The first thing to notice is that the regular season is much better at finding the best team across every sport. If that was our only objective, we’d be better off following the European Football’s lead and having no playoffs at all.
The second thing that jumps out is the slopes—the lines for NBA, NHL, NFL, and NCAA Basketball look almost parallel, while college football and MLB are outliers for different reasons. College football’s best team wins the title more often than the NFL’s despite having the best regular season record at the same rate. The MLB’s best team, on the other hand, wins the title less often than expected given their regular season performance. This is due to the length of their regular season—162 games—almost twice as many as any other sport—meaning the actual best team more frequently is the best regular season team.

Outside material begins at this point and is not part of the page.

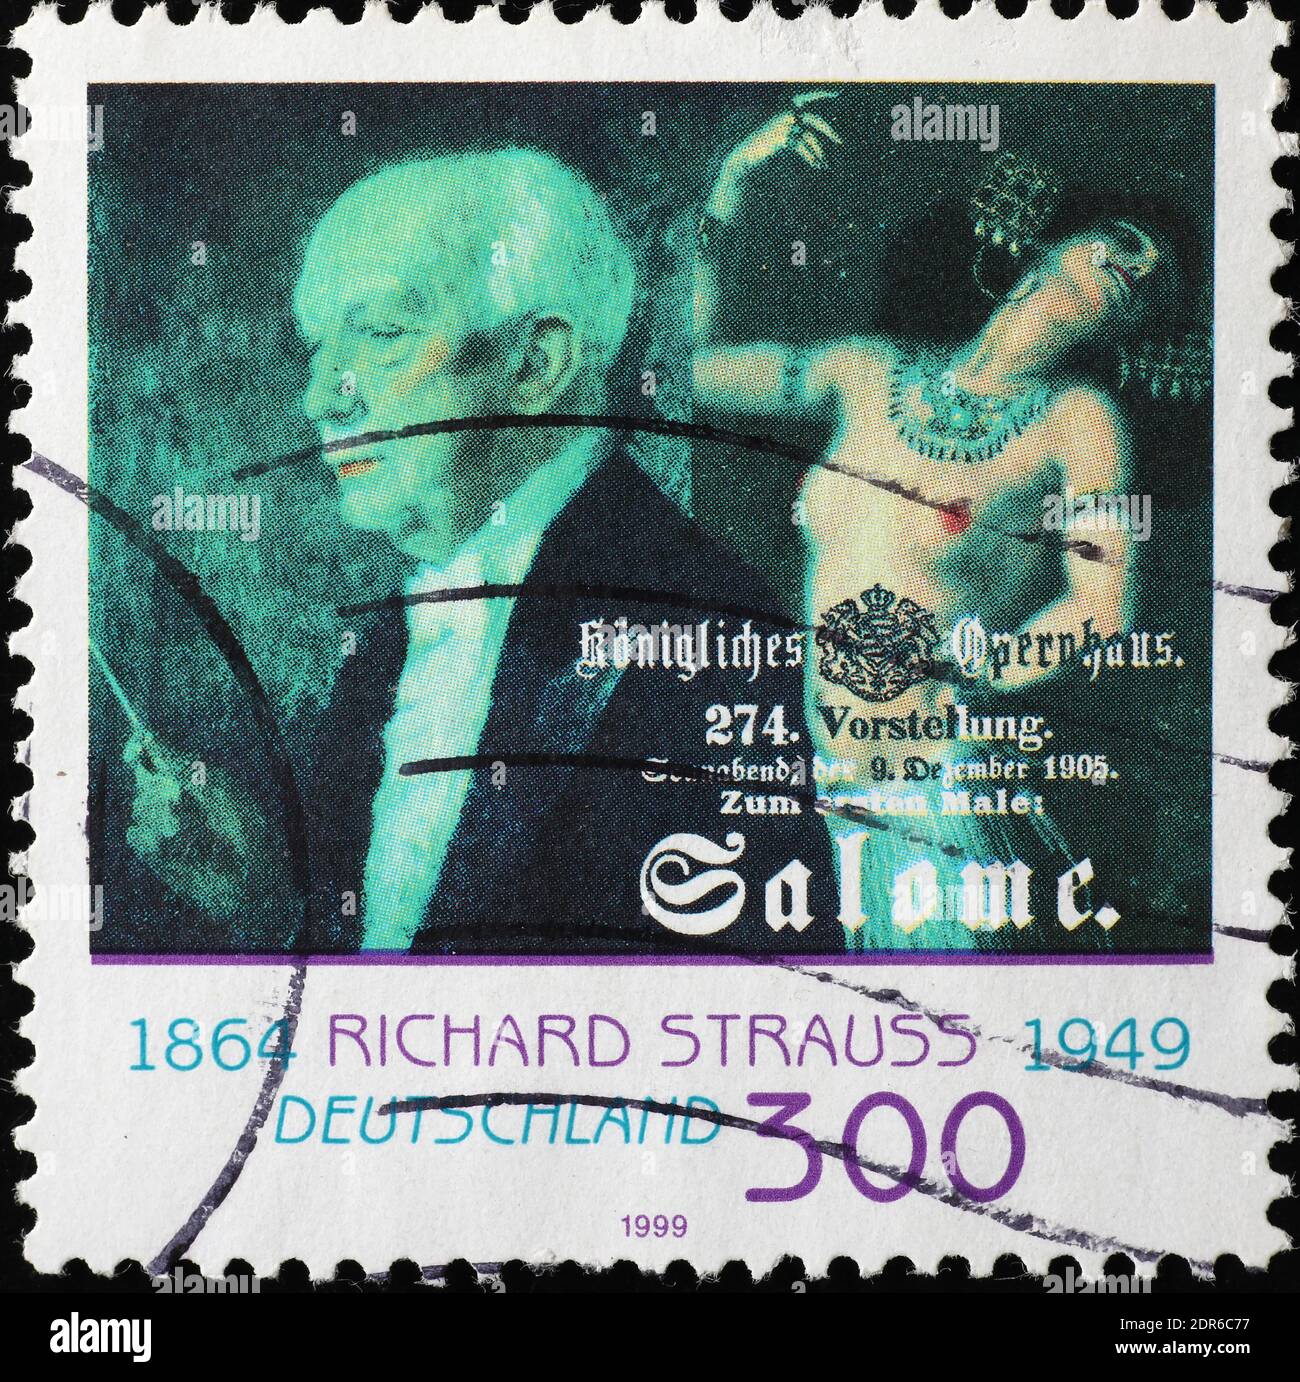 Salome, opera by Richard Strauss on postage stamp Stock Photo

Looking at the title winning chances for the best teams, college basketball is the most chaotic, while the NBA is the best at unearthing the truly best team. This is unsurprising when comparing the postseason formats for all sports: the NBA, NHL, and MLB are the only ones to use series in every round of the postseason, usually 7-game series. This tends to balance out the randomness, giving the better teams the opportunity to recover from an off day. In practice, this makes the NHL and MLB basically identical to the NFL, where each game has less randomness, but where the playoffs are single elimination. The NBA has less randomness on the game level AND 7-game series throughout the playoffs, leading to a more accurate and less chaotic result.